WORK REQUEST:
Your output should match the listing below word for word, without any images.

(DATA SHOWN begins)

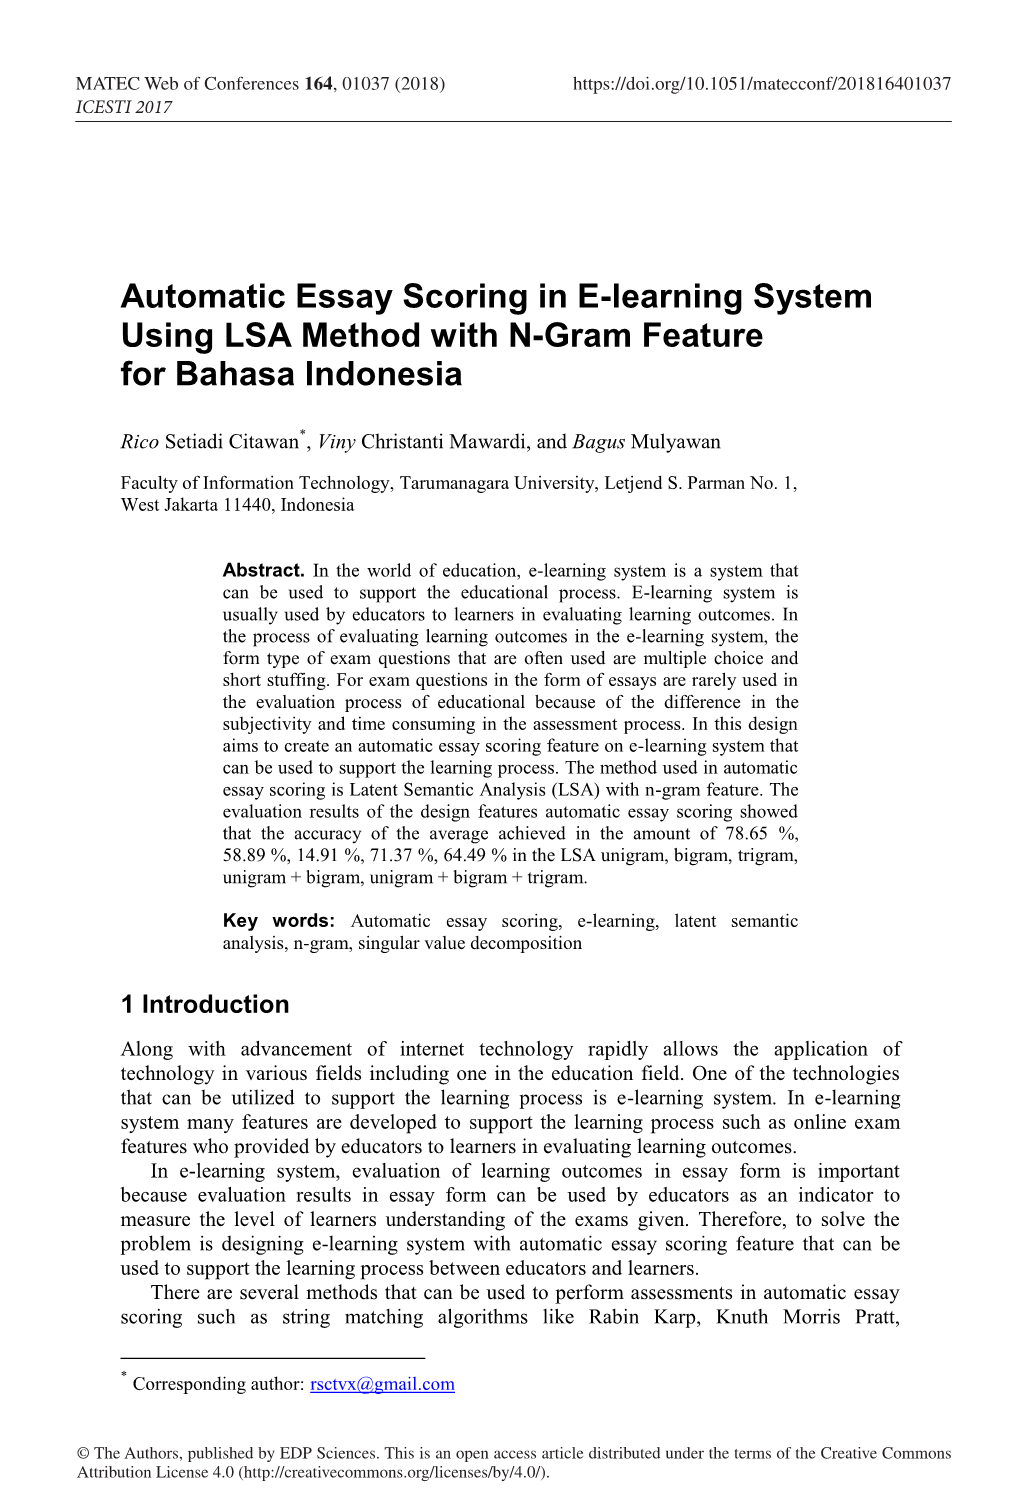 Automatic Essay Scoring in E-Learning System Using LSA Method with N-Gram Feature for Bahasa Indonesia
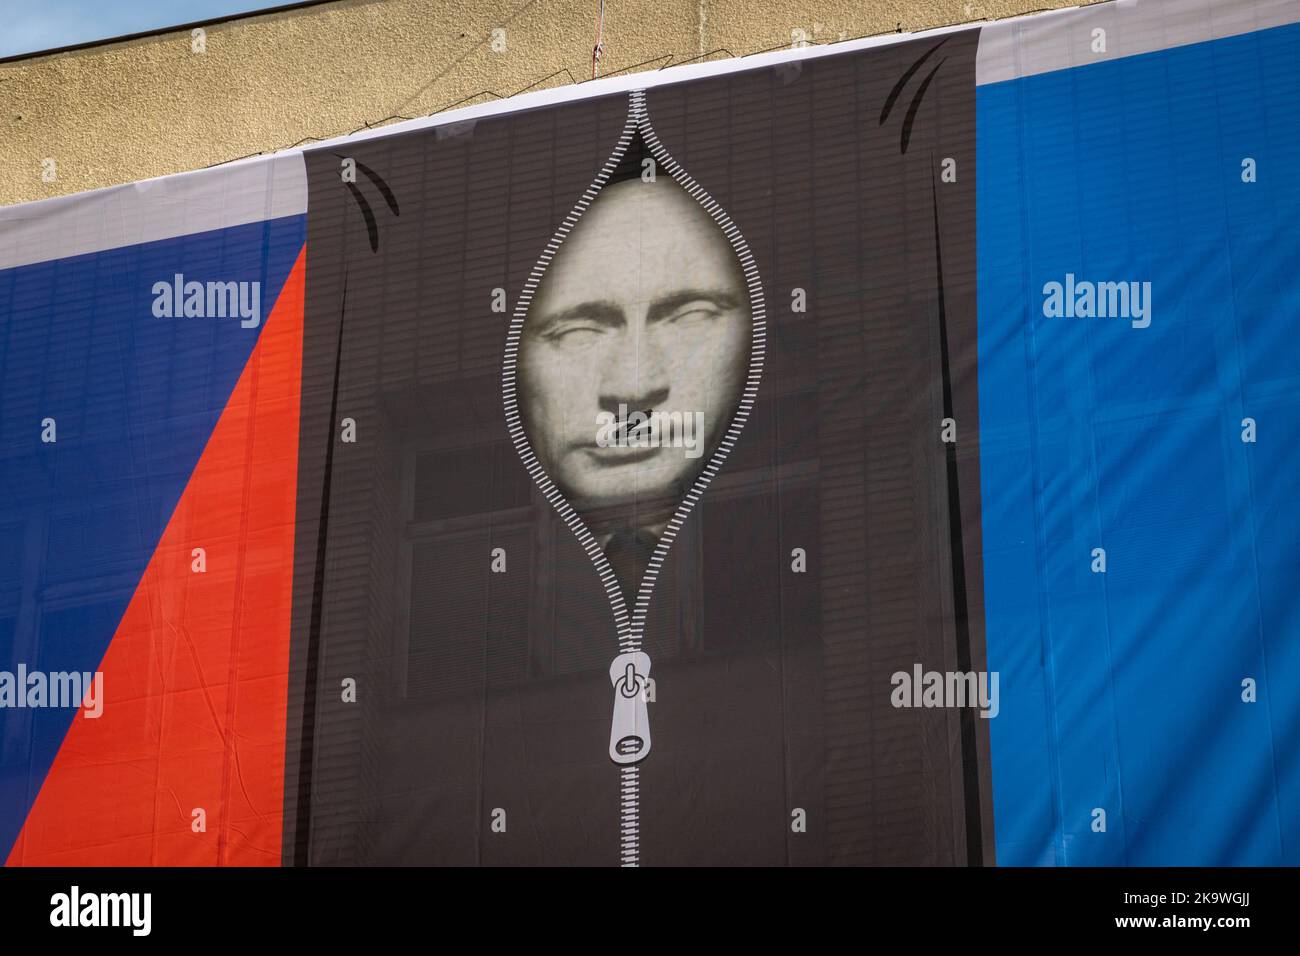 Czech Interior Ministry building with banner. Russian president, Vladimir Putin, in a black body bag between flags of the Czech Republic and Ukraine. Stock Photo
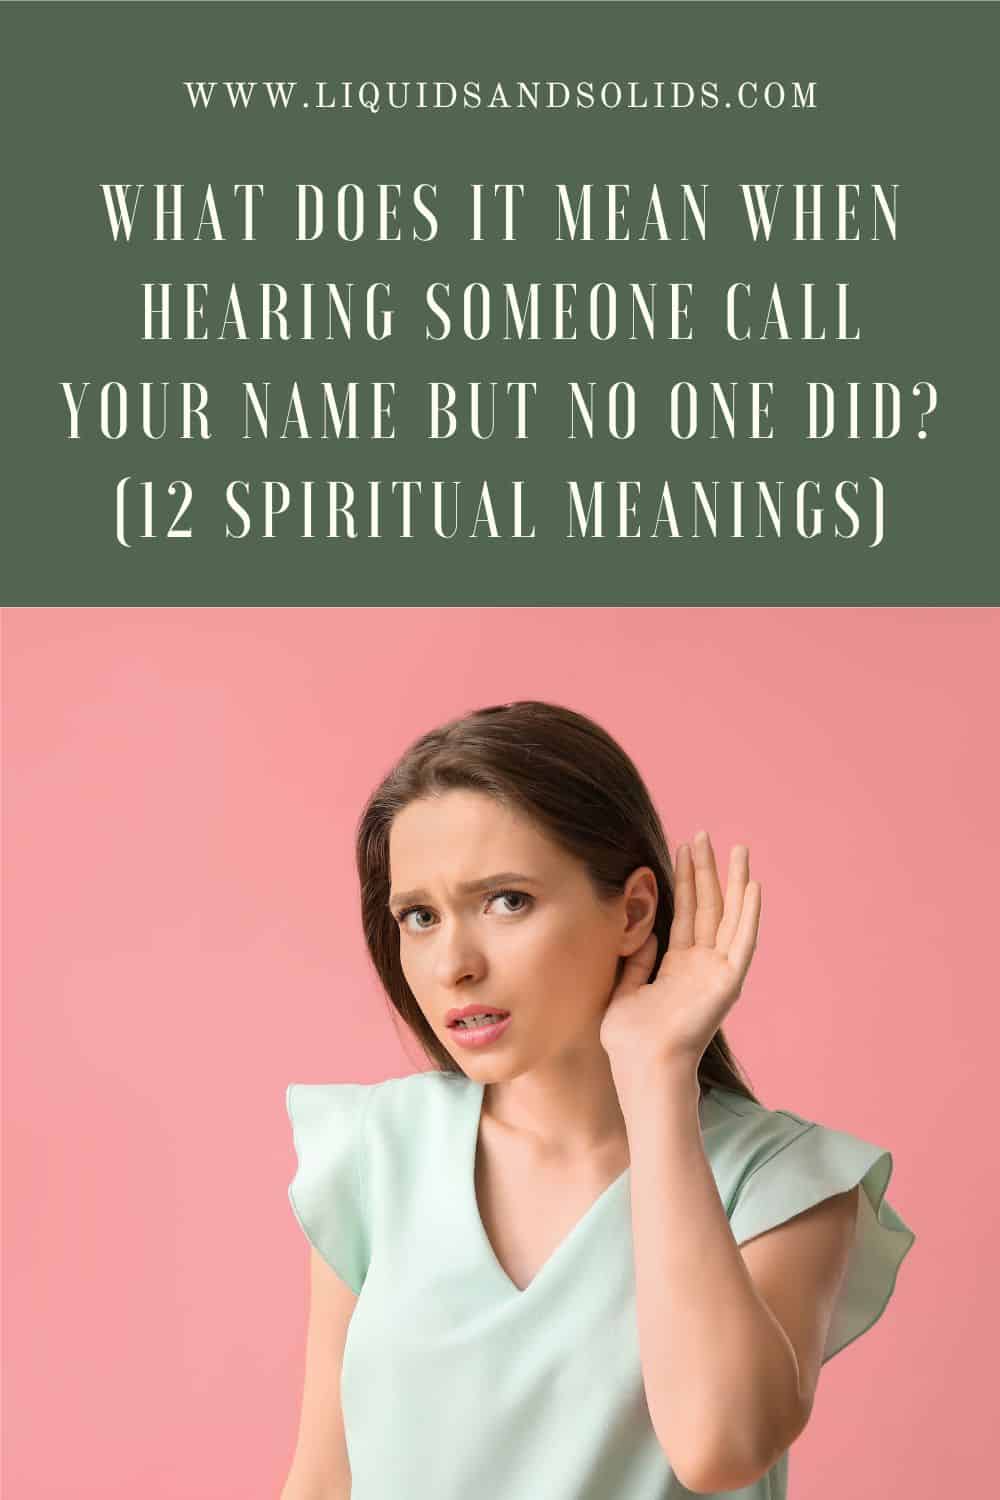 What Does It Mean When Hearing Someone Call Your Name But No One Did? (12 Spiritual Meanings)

(DATA SHOWN ends)

TASK RESPONSE:
 Automatic Essay Scoring in E-Learning System Using LSA Method with N-Gram Feature for Bahasa Indonesia
 Czech Interior Ministry building with banner. Russian president, Vladimir Putin, in a black body bag between flags of the Czech Republic and Ukraine. Stock Photo
 What Does It Mean When Hearing Someone Call Your Name But No One Did? (12 Spiritual Meanings)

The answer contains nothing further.